Un día por la madrugada, mi abuelo fue por mí y me gritó.
‒¡Apúrate, muchacho, la Bola está pariendo!
Con el alboroto que traía, hasta me asustó. Me vestí rápido y fuimos hasta el corral en que estaban las ovejas. La Bola estaba tirada en uno de los rincones y balaba con fuerza. Le fue saliendo poco a poco una pequeña bola negra. Una pequeña oveja negra había nacido, se paró de inmediato, las patitas le temblaban, pero después de un rato, ya estaba dando vueltas al corral. Mi abuelo me dijo
‒¡Póngale nombre, hijo!
Me agarró desprevenido con semejante petición. Traté de pensar rápido y al verla se me ocurrió que debía llamarse “Algodona”. Cuando se lo dije al abuelo, soltó la carcajada, pero así se llamó. Por muchos días le preparaba un gran biberón, era bien tragona. Algodona me empezó a seguir a todos lados, cómo si yo fuera su mamá. Me acompañaba de un lado a otro. Sentí mucho cariño por ella. Me miraba abriendo y cerrando los ojos como si los estuviera
guiñando. Cuando le hablaba contestaba ¡beeeee..beeee! moviendo la cabeza de arriba abajo. Creció muy rápido, la alimenté tan bien que ya estaba bien gordita.
Un día el abuelo me dijo
‒Ya esta lista la Algodona, ¿verdad?
Pensé, lista para qué. Por algunas noches no dormí tranquilo tratando de encontrar una respuesta. No tardé mucho en descubrirla. Mi cumpleaños sería el dos de noviembre y faltaban sólo dos días. Mis padres vendrían desde la ciudad para estar conmigo en esa fecha tan especial. Un día antes de mi cumpleaños por la mañana, el abuelo preparó el horno de la barbacoa. Al atardecer me llamó para que le ayudará. Ahí estaba Algodona, amarrada a una estaca y dando vueltas con desesperación a su alrededor. Cuando la ví quise desatarla, pero el abuelo me dijo:
‒Es hora de prepararla. Tus papás llegan mañana temprano y hay que cocinar la barbacoa para que tengan un buen almuerzo. Tu abuela ya esta haciendo las tortillas y las salsas.
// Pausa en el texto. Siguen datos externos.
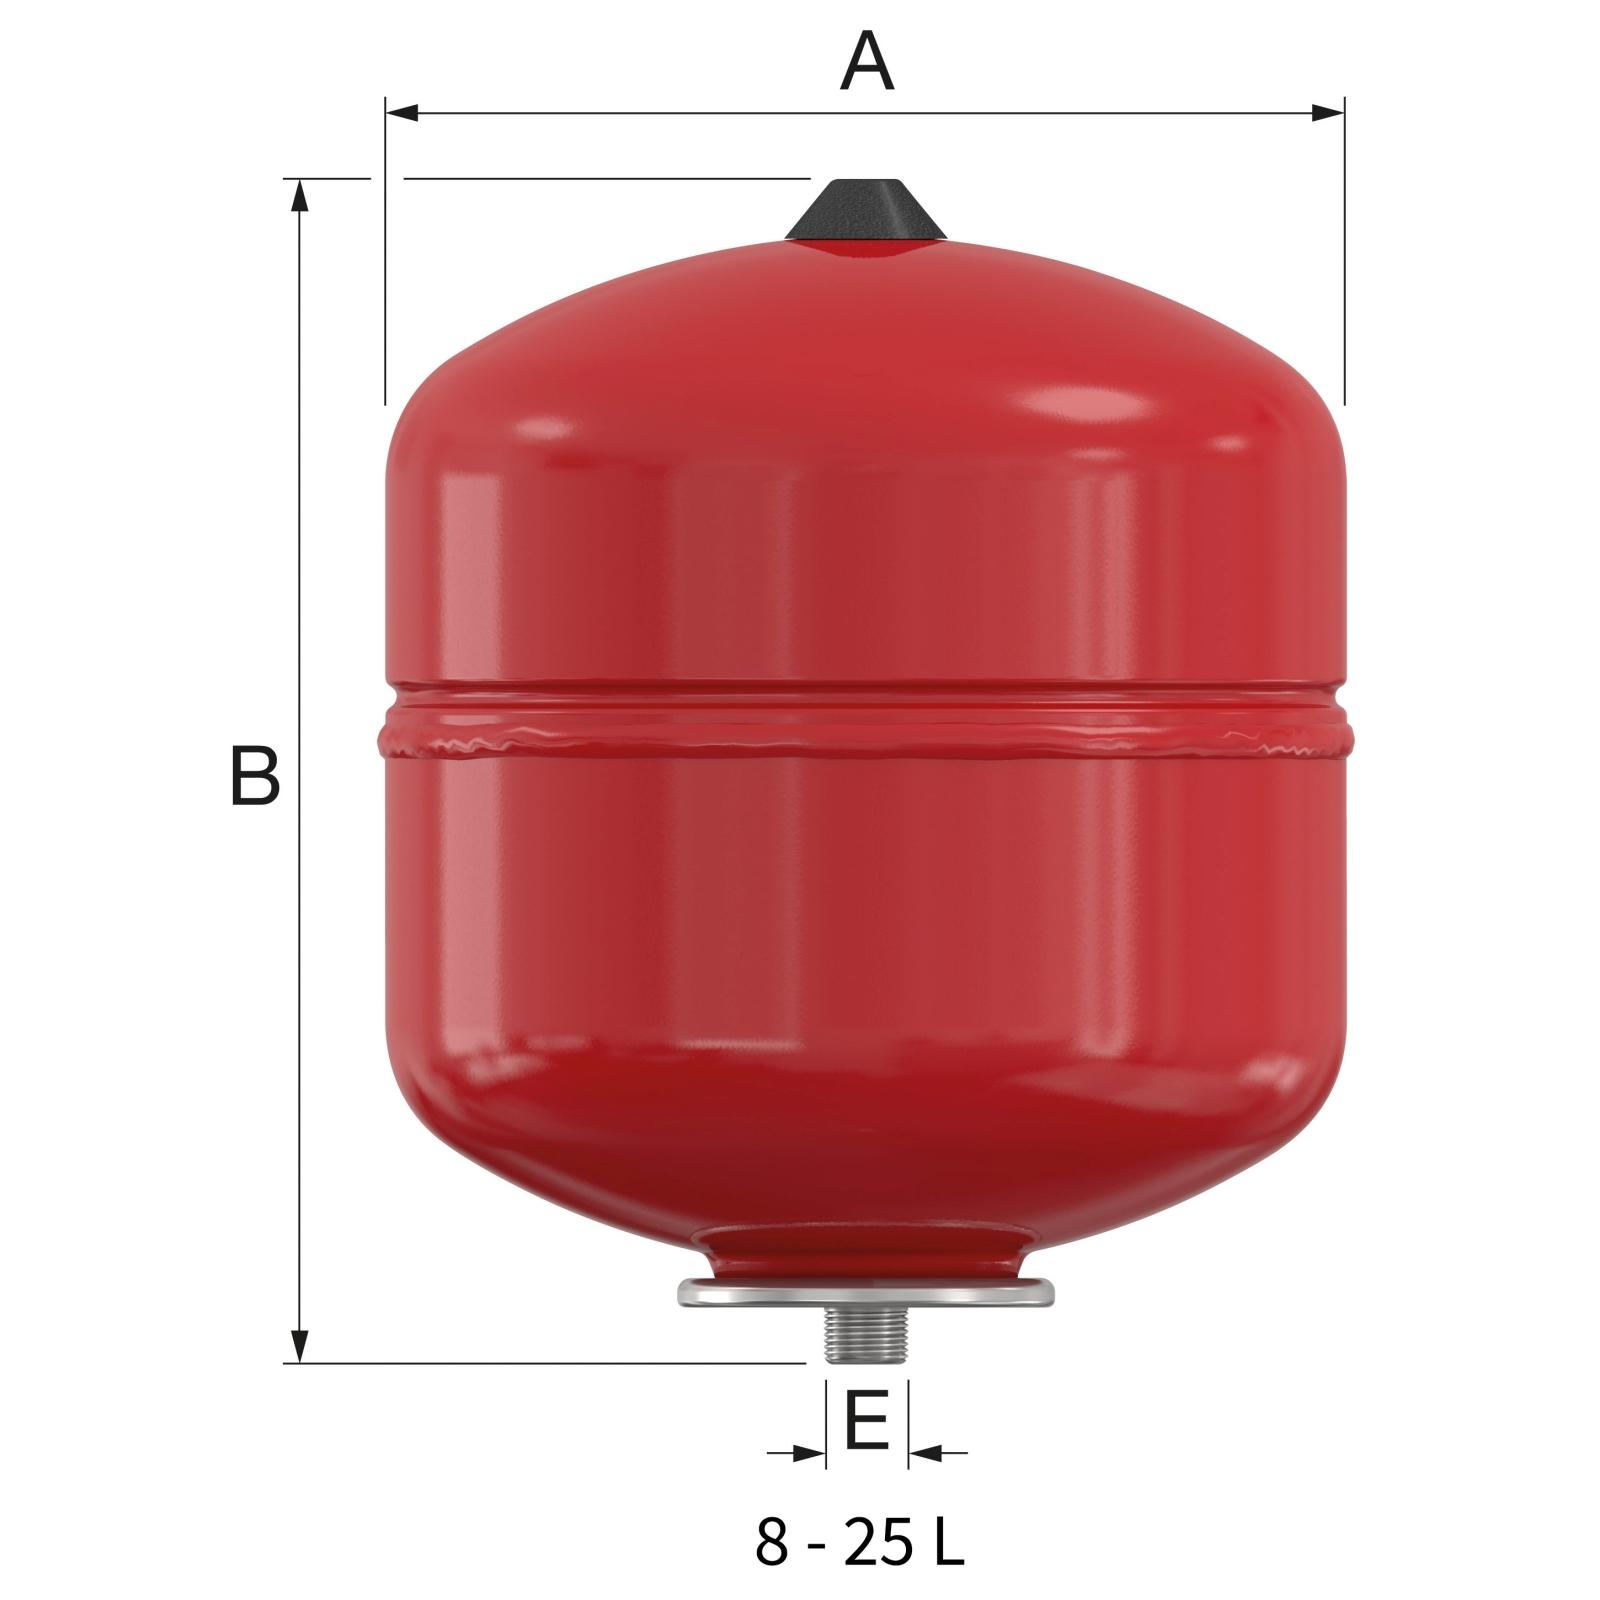 Flamco Baseflex fűtési tágulási tartály 18/1,5 bar fali (25302) műszaki ábra
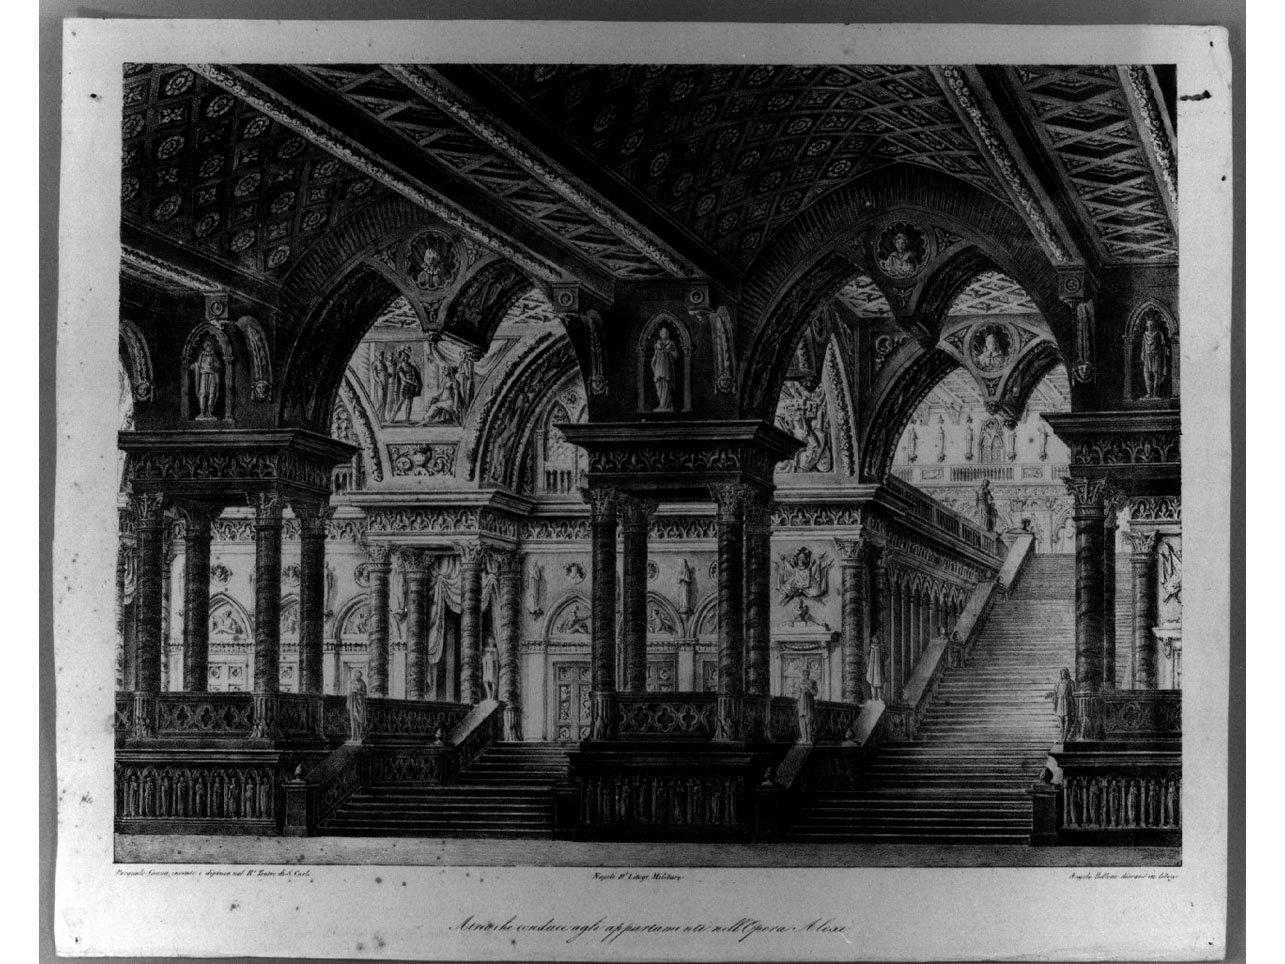 scenografia teatrale (stampa) di Canna Pasquale, Bellone Angelo (sec. XIX)

‒Ven hijo, acércate. Toma ‒puso en mis manos un cuchillo muy largo‒. Yo la agarró y tú le cortas el cuello ‒ordenó
Los ojos casi se me salen de la sorpresa.
El abuelo agarró a Algodona, la inmovilizó, le tomó de la cabeza y se la levantó.
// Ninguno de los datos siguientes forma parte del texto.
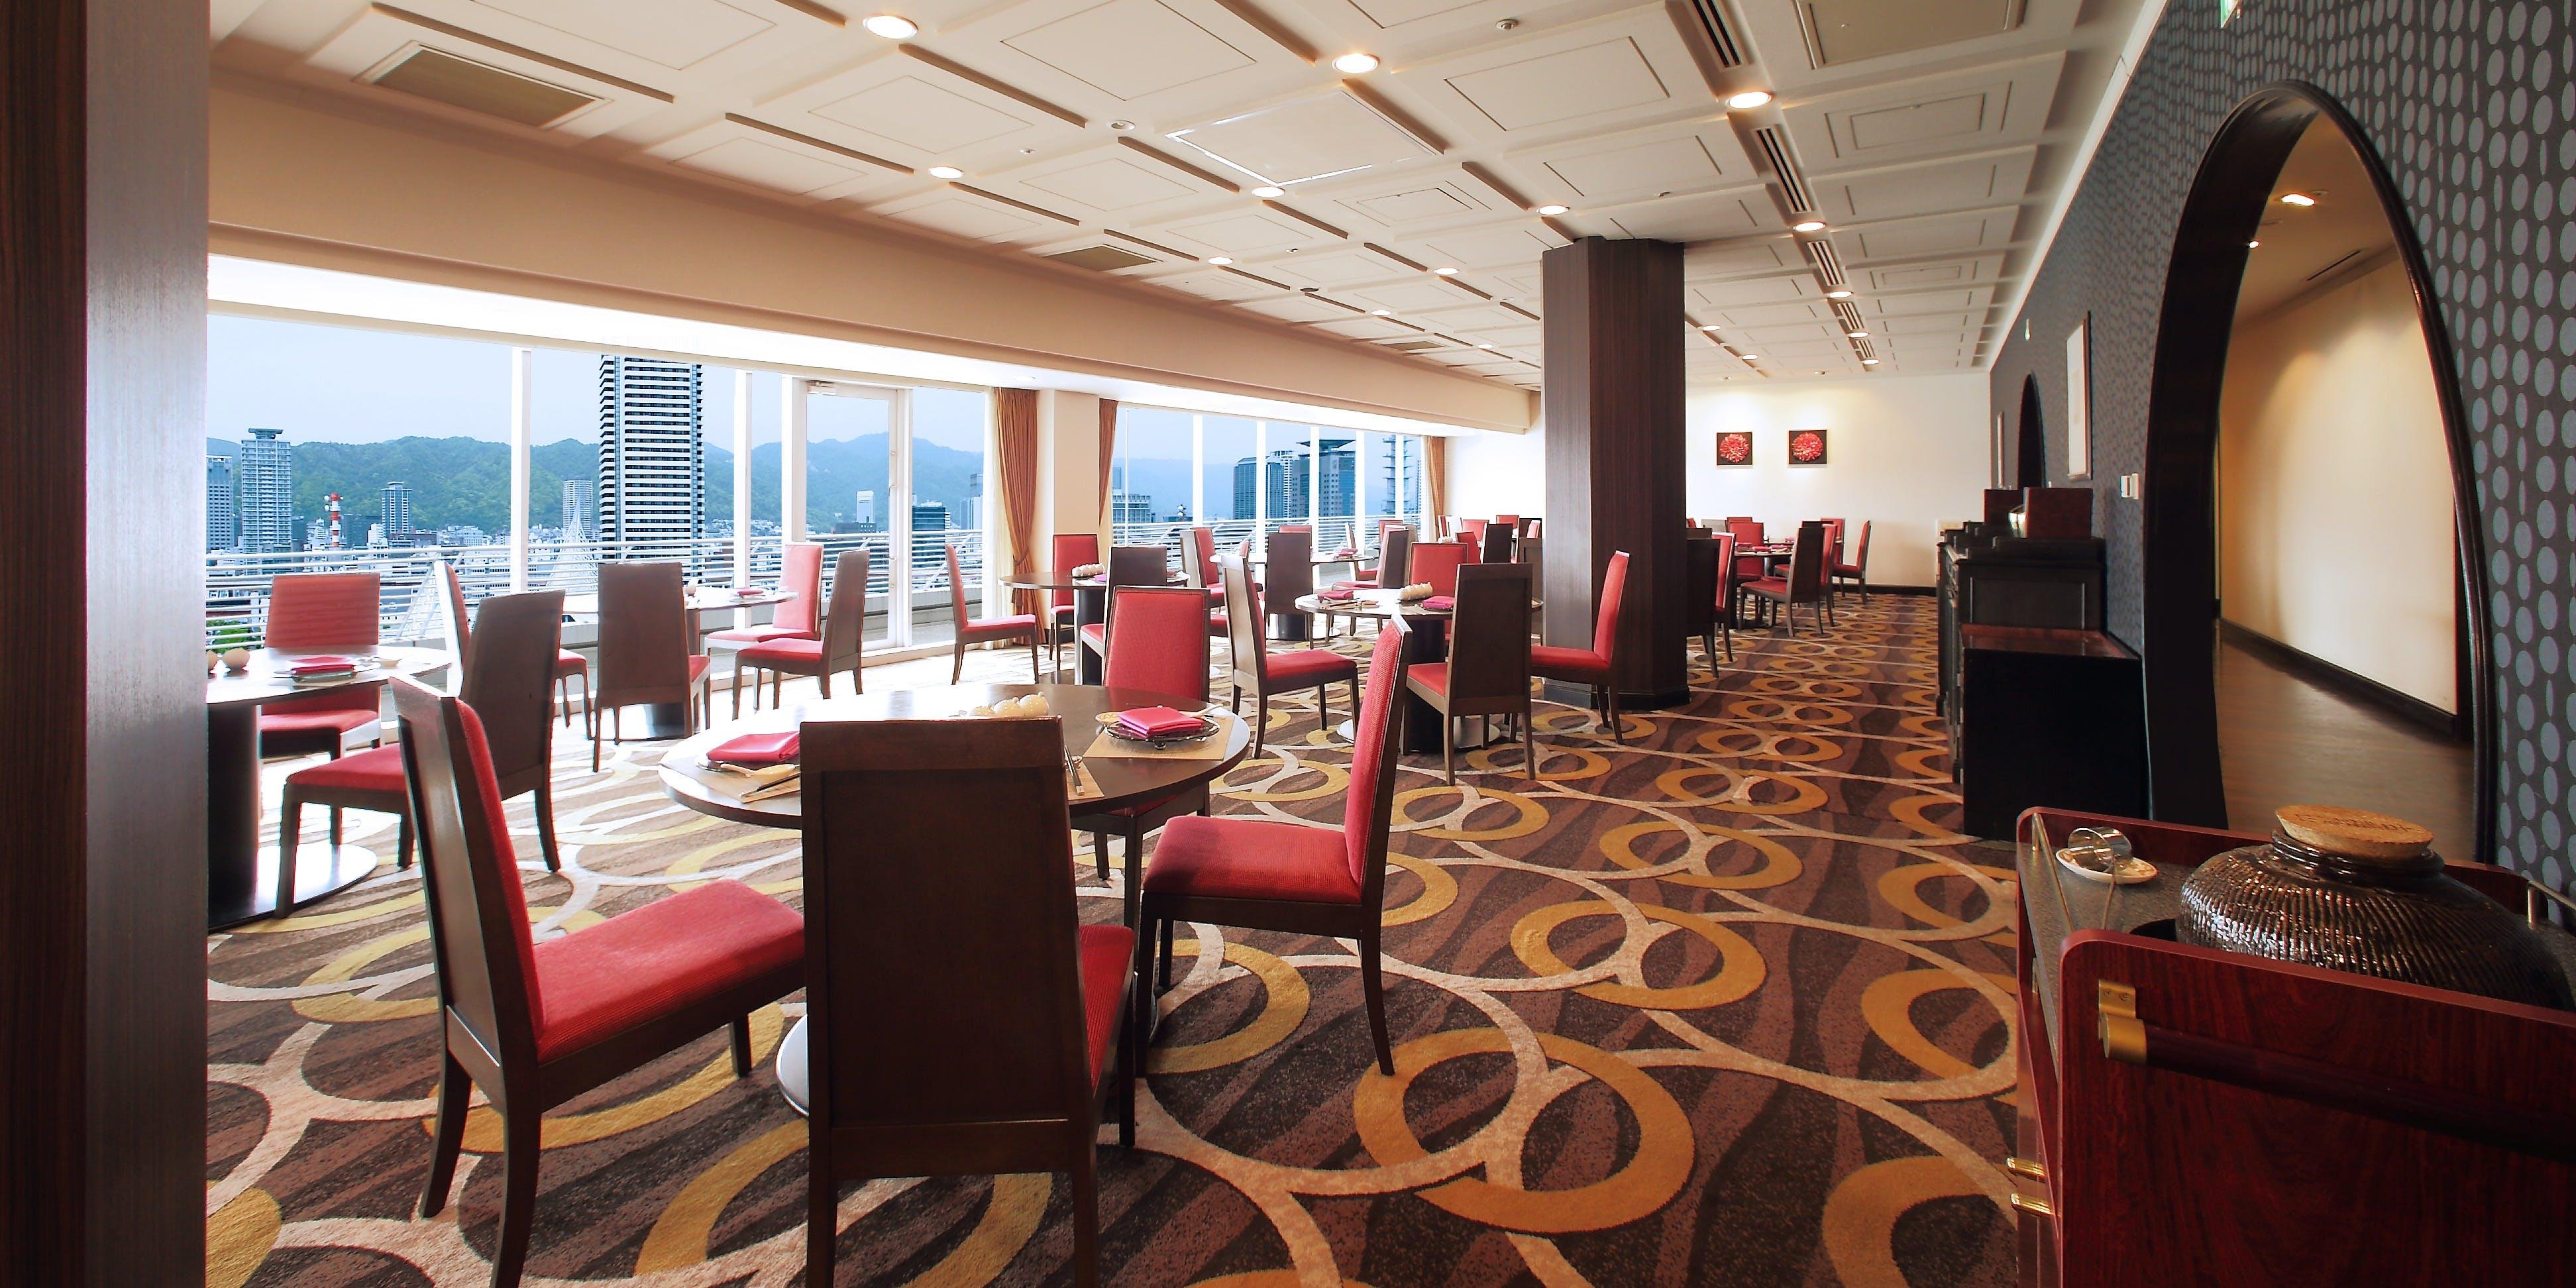 記念日におすすめのレストラン・桃花春/神戸メリケンパークオリエンタルホテルの写真1

‒Ándele muchacho, ¡apúrese! ‒gritó.
Sentí que mi corazón se hizo chiquito. Tenía que obedecer al abuelo. Me acerqué y con las manos temblorosas puse el cuchillo en el cuello de mi oveja. En ese momento el abuelo me pegó un grito.
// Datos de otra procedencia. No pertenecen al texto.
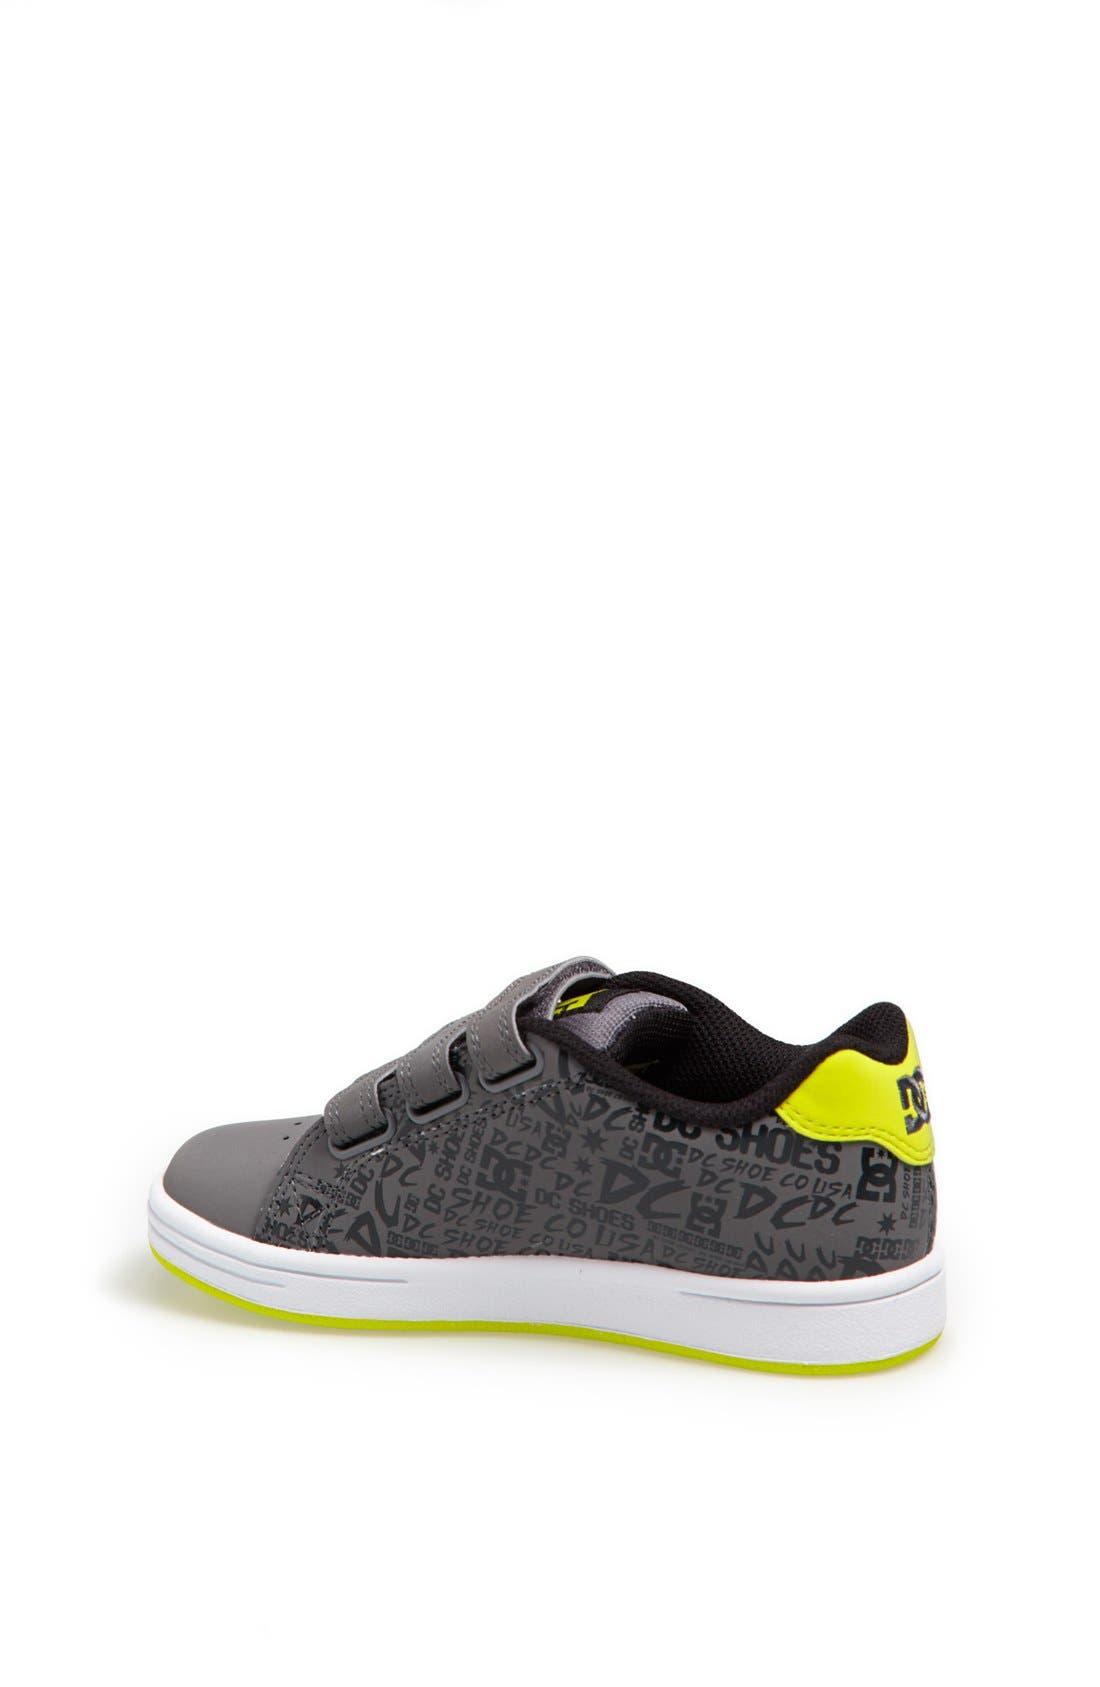 Alternate Image 2  - DC Shoes 'Character V' Sneaker (Toddler & Little Kid)

‒¡Corte… corte, no sea cobarde!
Pasé el cuchillo de un lado a otro de su cuello y la sangre comenzó a salir a borbotones. Después que se desplomó me fui llorando al cuarto con las manos ensangrentadas. Toda la noche aullaron los coyotes.
Han pasado algunos años y aún recuerdo a mi oveja negra; veo su triste mirada, escucho sus balidos, pero sobre todo, siento escurrir lentamente entre mis manos, el calor de su sangre.